Ikaros repression is effected through histone deacetylases

Since Ikaros proteins associate with mSin3 (shown here, Figures 1 and 2) and with the ATPase Mi‐2 (Kim et al., 1999), both of which associate with HDACs, we next examined whether Ikaros repression of specific promoters in mammalian cells is effected through histone deacetylases. A chromatin immunoprecipitation (ChIP) assay (Luo et al., 1998) was first used to assess the acetylation status of histones at promoters whose activity was repressed upon Ikaros recruitment. NIH 3T3 cells were transfected with G5AdMLPCAT in combination with Gal4–Ik‐1, Gal4–Aiolos, Gal4–MAD Sin3 interaction domain, (SID), Gal4–mMAD (mutant SID) or the parental Gal4 vector. Formaldehyde cross‐linked chromatin isolated from these transfectants was immunoprecipitated with antibodies to acetylated histone H3 (Ac‐H3), and the immunoprecipitates were subjected to PCR using primers to the AdML promoter. If the MLP is associated with acetylated histone H3, PCR analysis of the immunoprecipitates gives a product which can be detected by electrophoresis through an agarose gel. A lack of product indicates that the promoter is deacetylated and therefore not associated with the acetylated forms of histones recognized by the antibodies. PCR products were observed in the immunoprecipitates from Gal4 or Gal4–mMAD transfections (Figure 6B). In sharp contrast, no PCR products were observed in the immunoprecipitates from Gal4–Ikaros, Gal4–Aiolos or Gal4–MAD transfections, suggesting that the AdMLP promoter was not associated with acetylated‐H3 when Ikaros or Aiolos or the Sin3‐interaction domain of MAD were recruited to its proximity (Figure 6B). Thus, Ikaros and Aiolos proteins, like MAD, can recruit histone deacetylases to specific promoters and cause localized deacetylation of nucleosomal histones.

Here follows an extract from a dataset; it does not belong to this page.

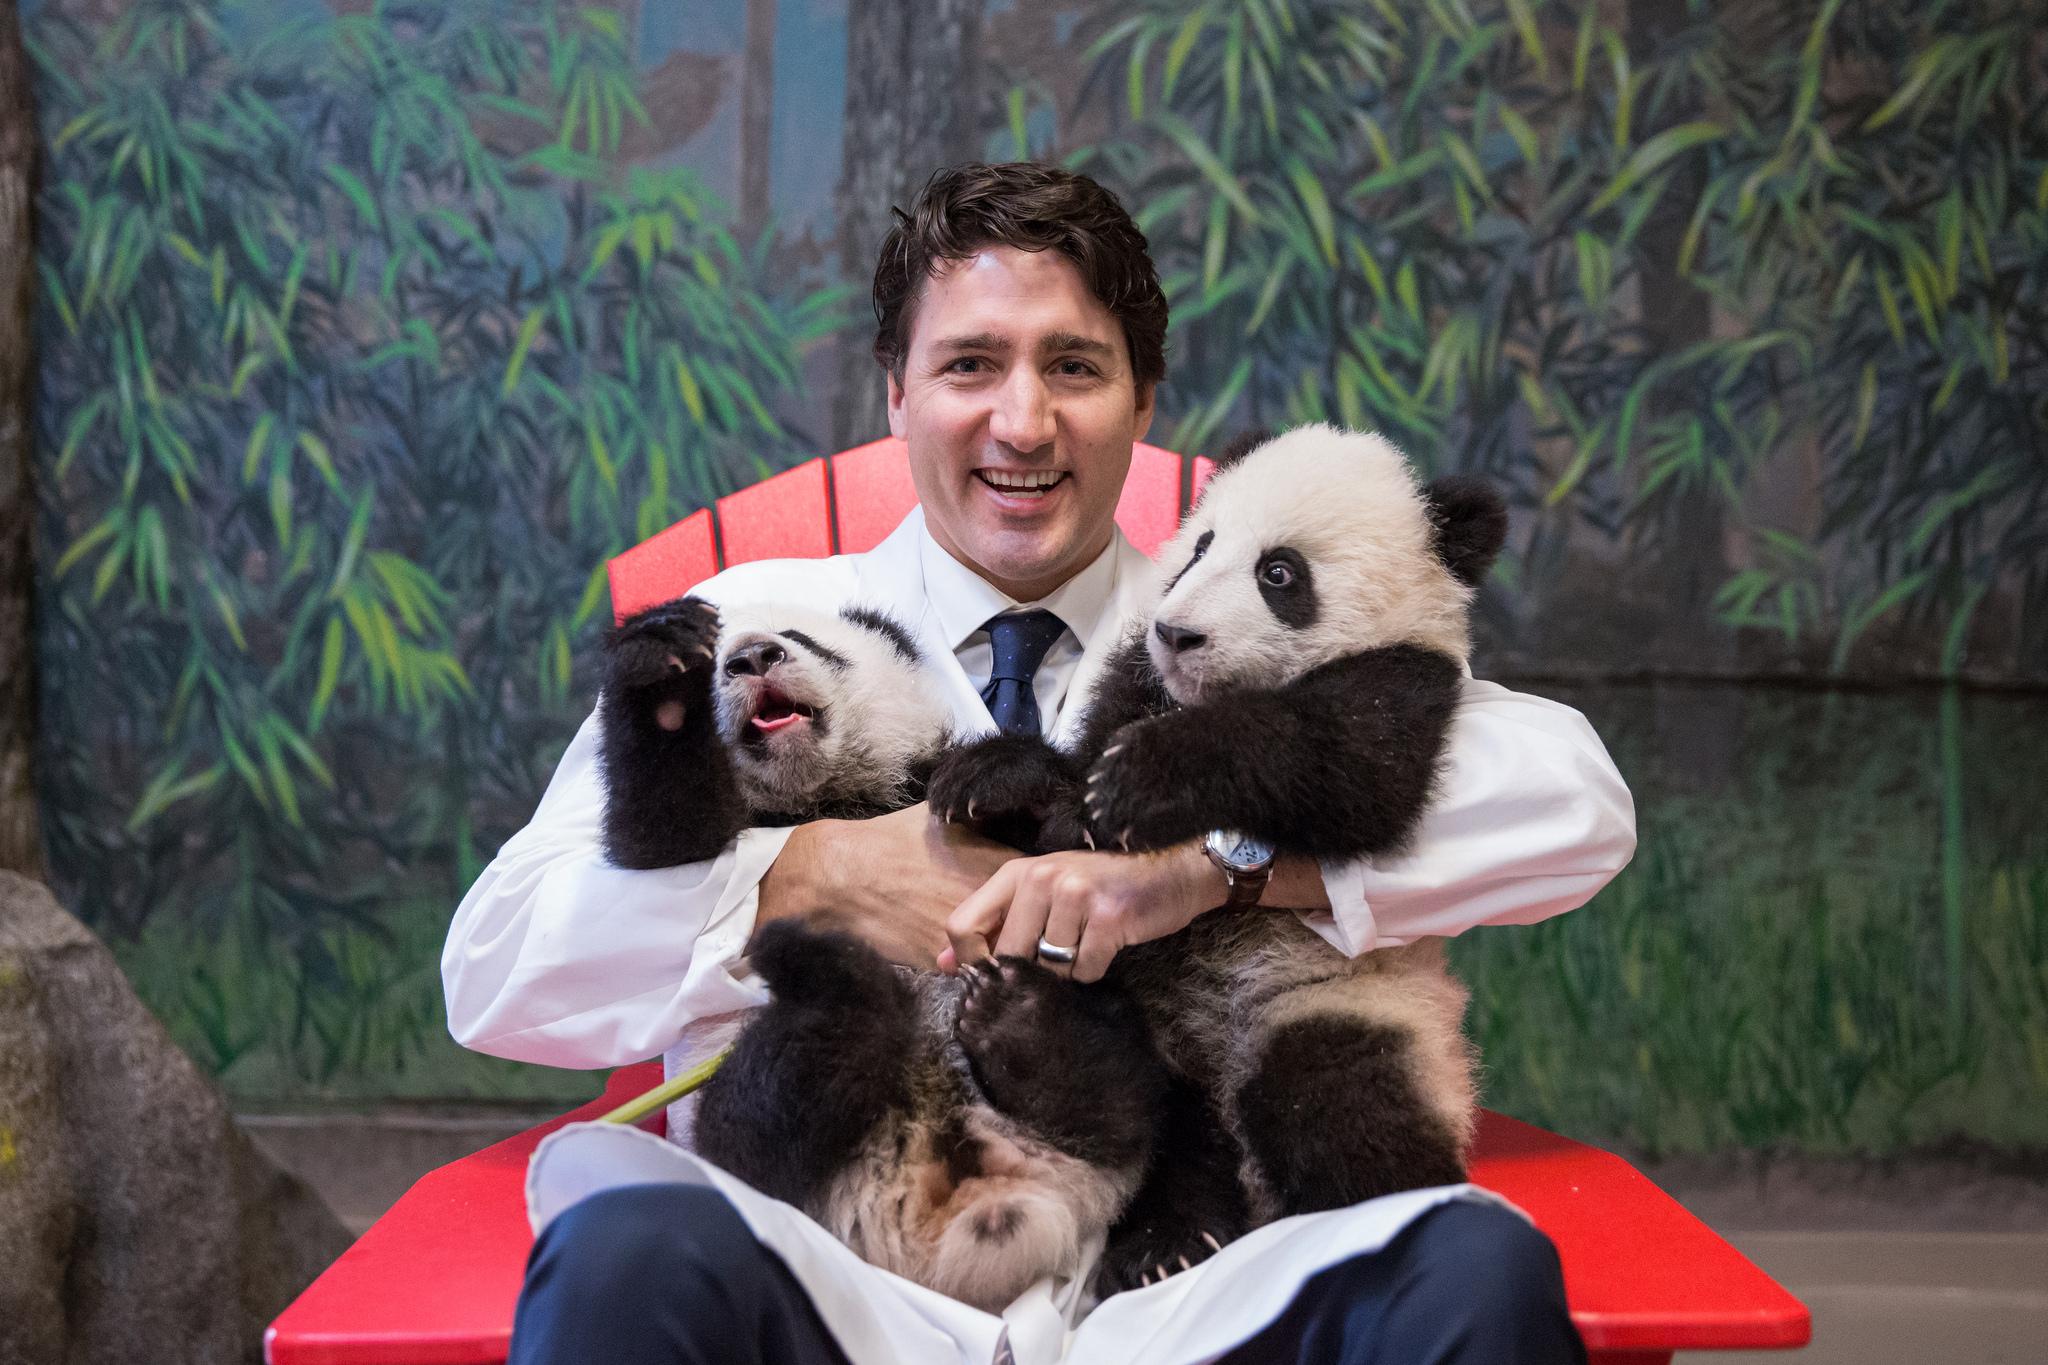 полиция человек что делать странное ответы почему Канада как лучше не делать

We next addressed whether the histone deacetylase inhibitor, Trichostatin A, could relieve repression by Ikaros and Aiolos. Indeed, Trichostatin A alleviated by 14‐ to 25‐fold the repression caused by Gal4–Ik1, Gal4–Aiolos, the two Ikaros repression domains (IKD2 and IKD5) and Gal4–MAD on the AdML promoter (Figure 6C, left panel). In contrast to these results, Trichostatin A only minimally affected the reporter activity mediated by the Gal4‐mutant MAD (1.4‐fold) (Figure 6C). These data clearly show that Gal4–Ikaros‐ and Gal4–Aiolos‐mediated repression of the AdML promoter relies on histone deacetylase activity. Taken together, these studies in mammalian cells and in yeast provide evidence that Ikaros and Aiolos repress transcription in part by recruiting the Sin3 family of corepressors and histone deacetylases.


We and others have shown previously that the Ikaros DNA‐binding proteins activate transcription from their cognate sites (Georgopoulos et al., 1992; Molnár and Georgopoulos, 1994; Sun et al., 1996; Wargnier et al., 1998). Nonetheless, co‐localization of Ikaros proteins with transcriptionally silent genes at centromeric heterochromatin has suggested a role for Ikaros in transcriptional silencing (Brown et al., 1997). Here, we provide the first direct evidence that Ikaros family members, when tethered to the DBD of a heterologous protein, can function as strong repressors of transcription.

Ikaros proteins, when tethered to the DBD of Gal4, function as potent transcriptional repressors in a Gal4 binding site‐dependent fashion on specific promoters. The HSV tk and AdML promoters are repressed strongly by the Gal4–Ikaros proteins, whereas the SV40 early and the multimerized Sp1‐driven promoters are minimally affected. In the nucleus of a mature T cell, a major fraction of the Ikaros proteins associates with two distinct histone deacetylase‐containing complexes Mi‐2 (Kim et al., 1999) and Sin3 (Figure 2). Ikaros recruitment to specific promoters causes the localized hypo‐acetylation of core histones and repression; these effects are mediated through Ikaros association with HDACs which have been proposed to interfere with the communication between activators, TBP and the PolII holoenzyme complex by exerting local changes in chromatin (Kadosh and Struhl, 1998). In agreement with an HDAC recruitment model, Ikaros‐mediated promoter repression is alleviated by histone deacetylase inhibitors. However, the inability of Gal4–Ikaros proteins to repress basal transcription from certain promoters may be due to the competition between the histone deacetylases recruited by these factors and other chromatin modulating activities brought in by other transcription factors binding to this region (Luo et al., 1998).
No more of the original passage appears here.